Question

A circular coil of one turn carries a current I. The same wire is then bent to form a small circular coil of 2 turns and the same current is passed through it. What is the relation between the fields at the centre of the coils in the second and first case?
A. $B_2 = B_1$
B. $B_2 = 2B_1$
C. $B_2 = \dfrac{B_1}{2}$
D. $B_2 = 4B_1$

Answer 1

Hint: Ampere's law states that line integral of magnetic field taken along a closed loop is equal to $\mu_0$ times the current and enclosed in the loop. Therefore, we can draw an imaginary loop of any radius around a conductor and find the magnitude of the magnetic field produced by it.

Formula used:
The magnetic field at the centre of a current carrying circular coil is.
$B = \dfrac{\mu_0 2NI}{r}$
Where N is the number of turns and r is the radius of the coil.

Complete answer:
We assume that the radius of a single turn coil is R and the radius of a coil with two turns is r. The relation between the two can be obtained as:

$2 \pi R = 2 \times (2 \pi r)$
R = 2r

If we consider the coil with single turn and draw a closed loop of radius R, passing through the centre around it, then with the help of ampere's law we can write:
$B_1 \times 2 \pi R = \mu_0 I$
Or,
$B_1 = \dfrac{\mu_0 I}{2 \pi R}$

Now for the case of small coil with two turns, we write NI in place of I (or 2I in our case) and substitute the R in the above formula, we get:
$B_2 = \dfrac{\mu_0 4 I}{2 \pi r}$
Substituting the value of $B_1$ obtained previously into this gives us:
$B_2 = 4 B_1$

Additional Information:
The magnetic field at the centre of the circular loop can also be found by the use of Biot-Savart law.
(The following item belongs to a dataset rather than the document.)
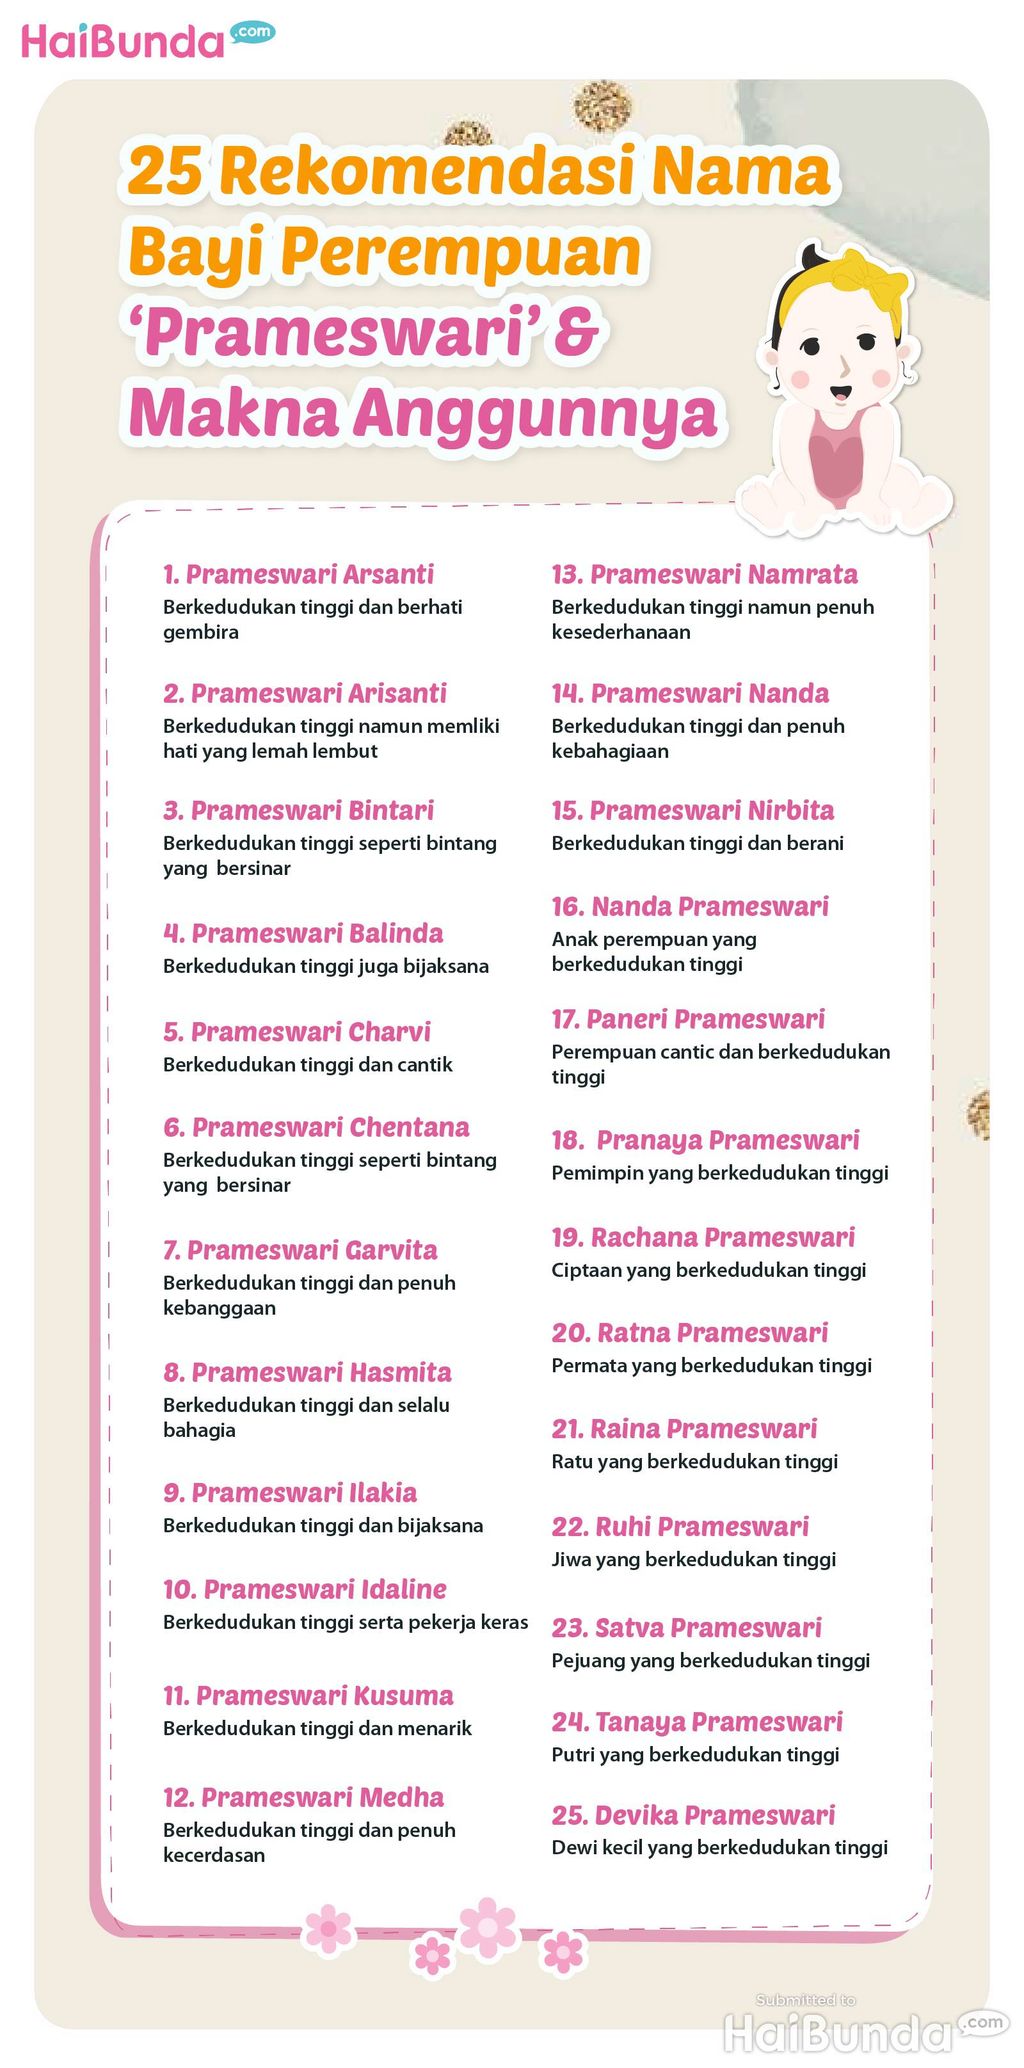 Infografis 25 Rekomendasi Nama Bayi Perempuan 'Prameswari' & Makna Anggunnya

The angle between the current element and r will be a right angle always. The 'formula used' section here contains the result from that derivation. The difference between that formula and the one obtained using ampere's law is that Biot-Savart produces the total magnetic field due to the whole coil while ampere's law is a good alternative to it for the sake of comparison in our case.

Note:
We can also draw a circular loop of radius r for the case of a smaller coil and derive the required expression $B_2$ by using ampere's law. In this case, the current enclosed will be twice of I because there are two turns.